The CEA also made significant changes to coverage in 2024. Personal property coverage dropped from a maximum of $200,000 to just $25,000. If you have a home valued over $1 million or built before 1980 without verified seismic retrofitting, your minimum deductible is now 15%—no option to choose lower deductibles. These changes make earthquake insurance less attractive, but if a major quake hits, having even limited coverage could be the difference between rebuilding and financial ruin.
Special Considerations for Entertainment Industry Professionals
Burbank isn't called the "Media Capital of the World" for nothing. If you work for Disney, Warner Bros., or any of the other entertainment giants headquartered here—or if you're one of the thousands of freelancers supporting the industry—you need insurance coverage that regular homeowners and auto policies don't provide.
Professional liability insurance (also called errors and omissions insurance) is essential if you provide creative or advisory services. Major broadcasters increasingly require freelancers to carry professional indemnity insurance before they'll hire you. Equipment coverage is another must-have—whether you own expensive cameras and lighting or regularly rent gear, you need protection against damage or theft. General liability insurance protects you if someone gets injured on a set or during a production.
Don't overlook cyber liability insurance if you handle sensitive client information or work with digital assets. Data breaches and online threats are increasingly common, and clients expect you to protect their intellectual property. Having proper insurance isn't just about protecting yourself—it's often a requirement for landing gigs with major studios and production companies.

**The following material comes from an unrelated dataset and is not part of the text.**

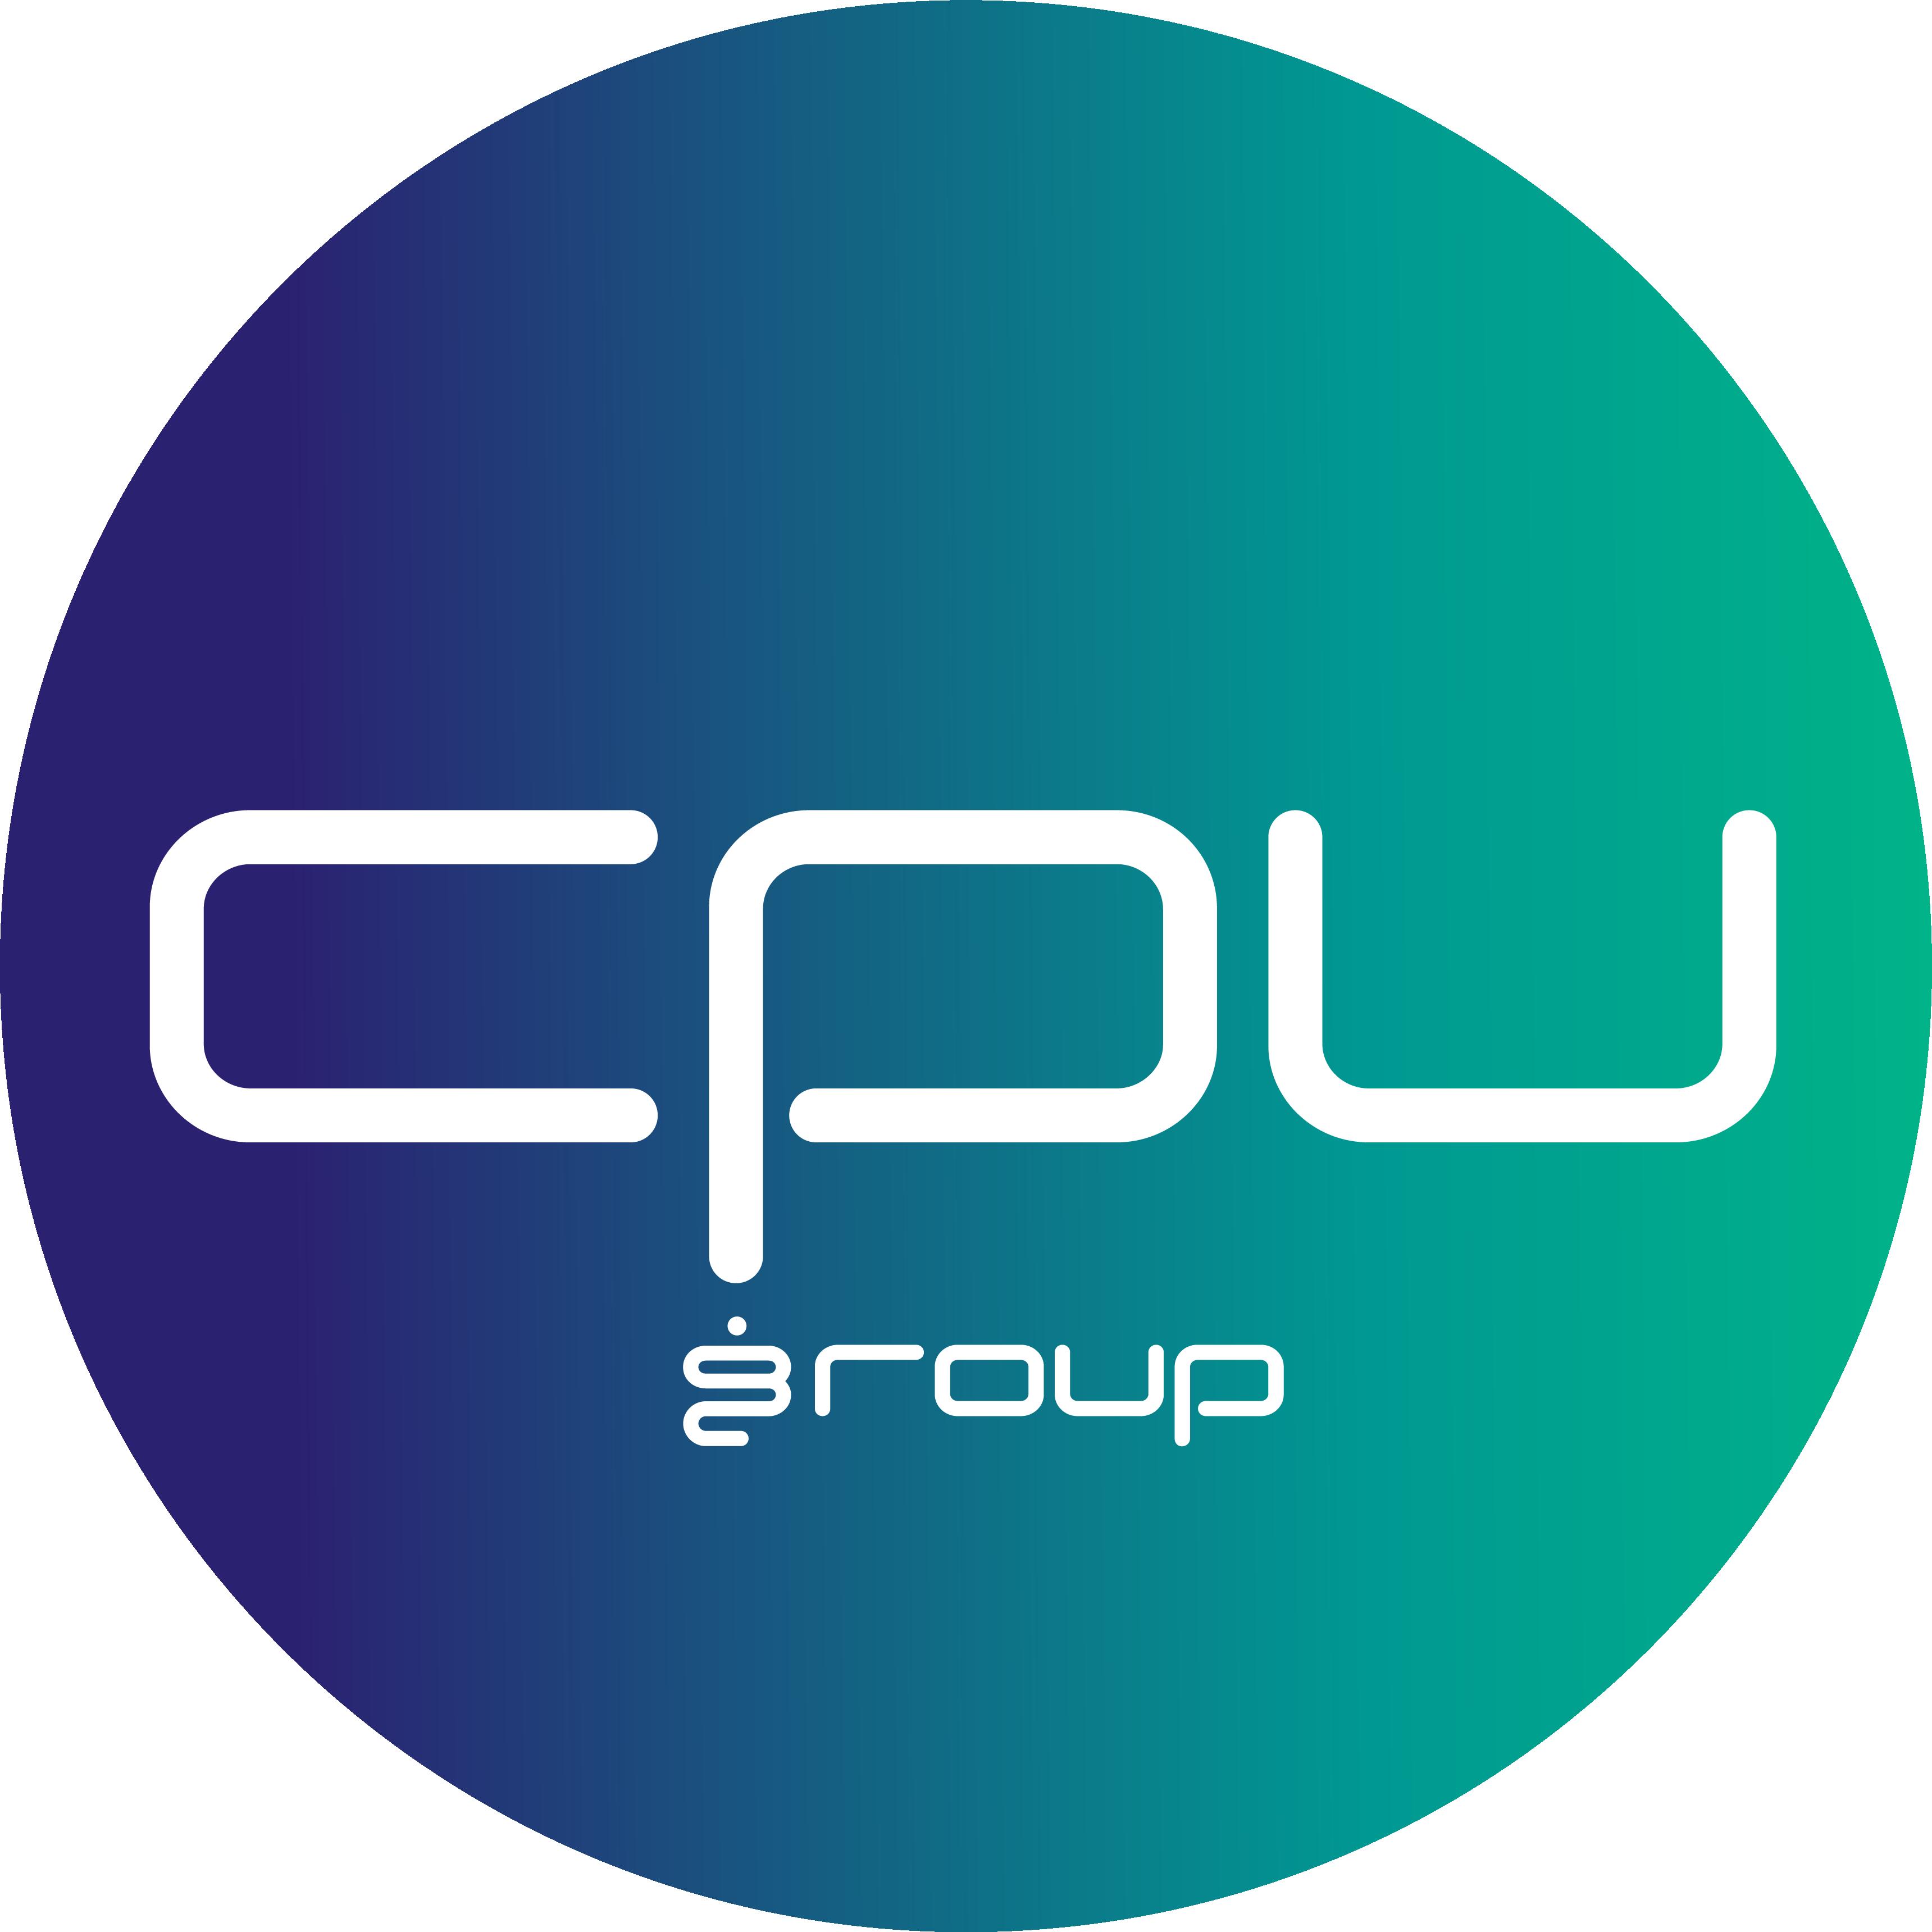 CPU_Group_logo

How Proposition 103 Protects You
California's Proposition 103, passed by voters in 1988, gives you protections that residents of other states don't have. Insurance companies must get approval from the state's Department of Insurance before implementing rate increases for property and casualty insurance. They can't just raise your premiums whenever they feel like it.
Here's what Prop 103 means for you practically: Your auto insurance company can't charge you more just because you had a gap in coverage. If you're forming a group with neighbors or colleagues, you can negotiate group insurance policies. And according to a 2019 study, Prop 103 has saved California drivers $154 billion on auto insurance premiums since 1988—making it the only state where auto insurance premiums actually decreased during that period.

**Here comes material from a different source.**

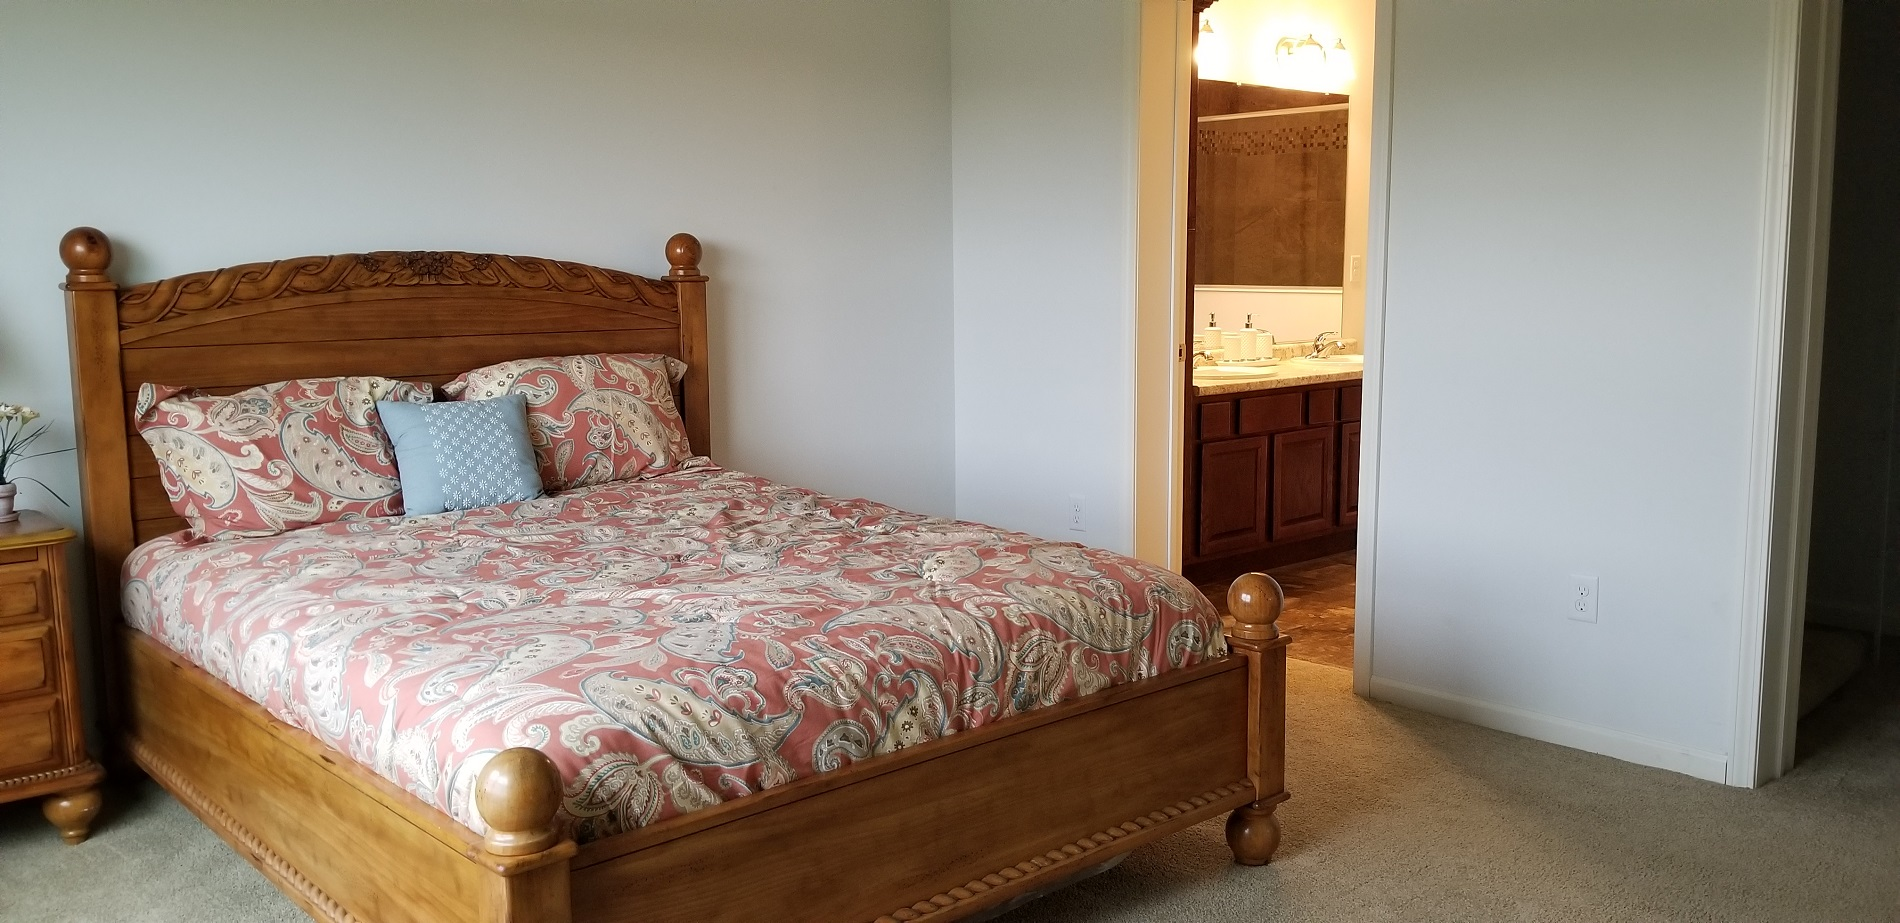 Unibilt Kenwood Jackson Master Bed

Getting the Right Coverage for Your Situation
The biggest mistake Burbank residents make is assuming their basic insurance policies cover everything they need. Between earthquake exclusions, fire coverage limitations, and entertainment industry requirements, you likely need a combination of policies tailored to your specific situation.

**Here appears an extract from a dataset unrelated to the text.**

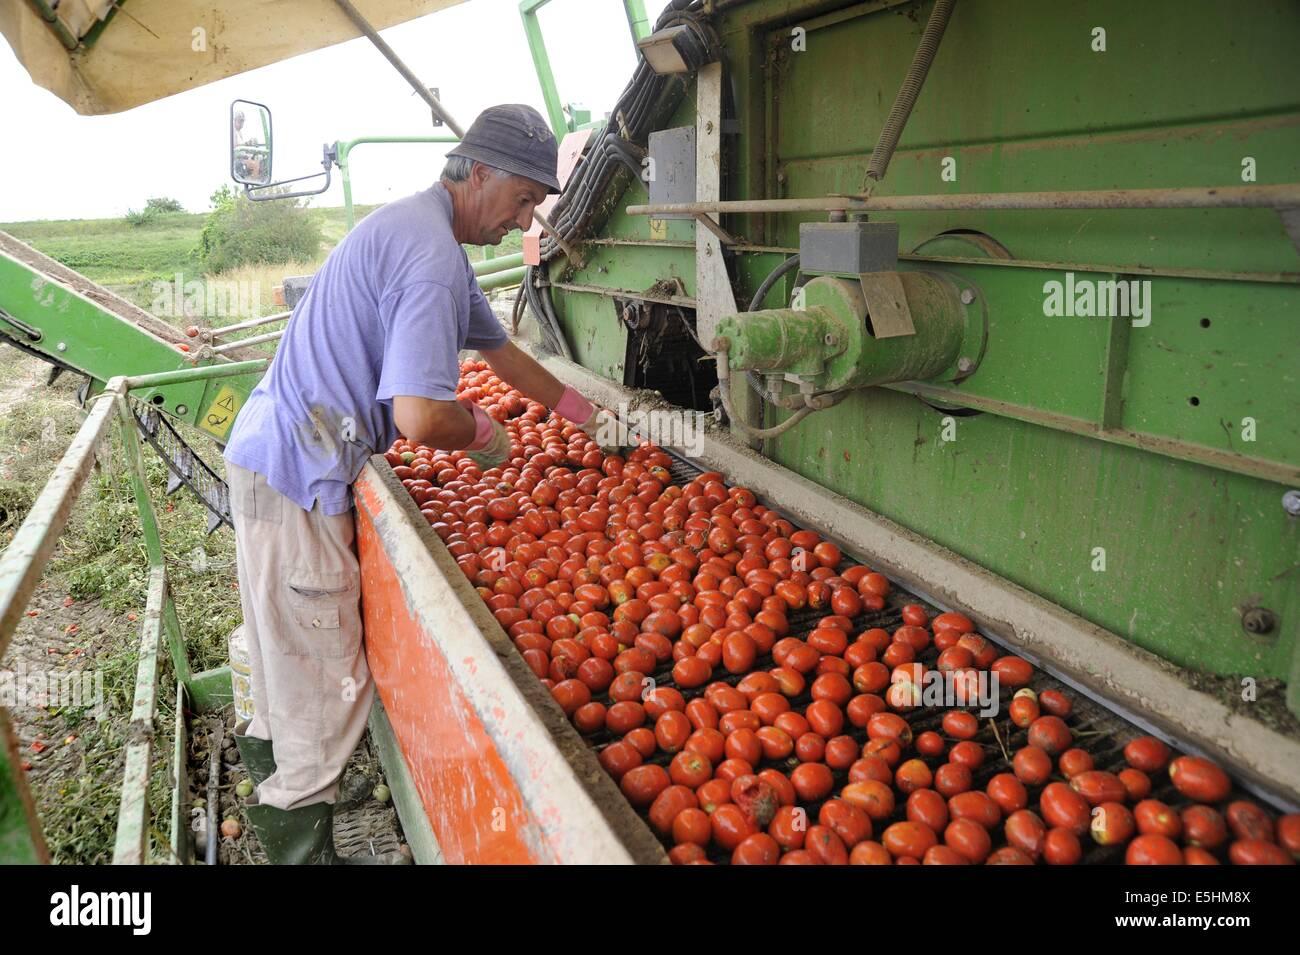 Pomodori raccolta automatizzata in provincia di Piacenza (Italia) Immagini Stock

Start by reviewing what you already have. Check your auto insurance limits—do they meet the new 30/60/15 minimums? Better yet, do they provide adequate protection given Burbank's traffic and vehicle values? Look at your homeowners policy and understand what's excluded. If you're in an area where traditional insurers are pulling back, research the FAIR Plan before you're forced to use it. Consider whether earthquake insurance makes sense for your financial situation—can you afford to rebuild without it?
For entertainment industry professionals, talk to a broker who specializes in production and freelancer coverage. Your needs are different from someone working a traditional 9-to-5 job, and you need someone who understands the specific requirements studios and production companies impose. Don't wait until you're about to start a job to realize you're missing essential coverage—getting these policies in place takes time.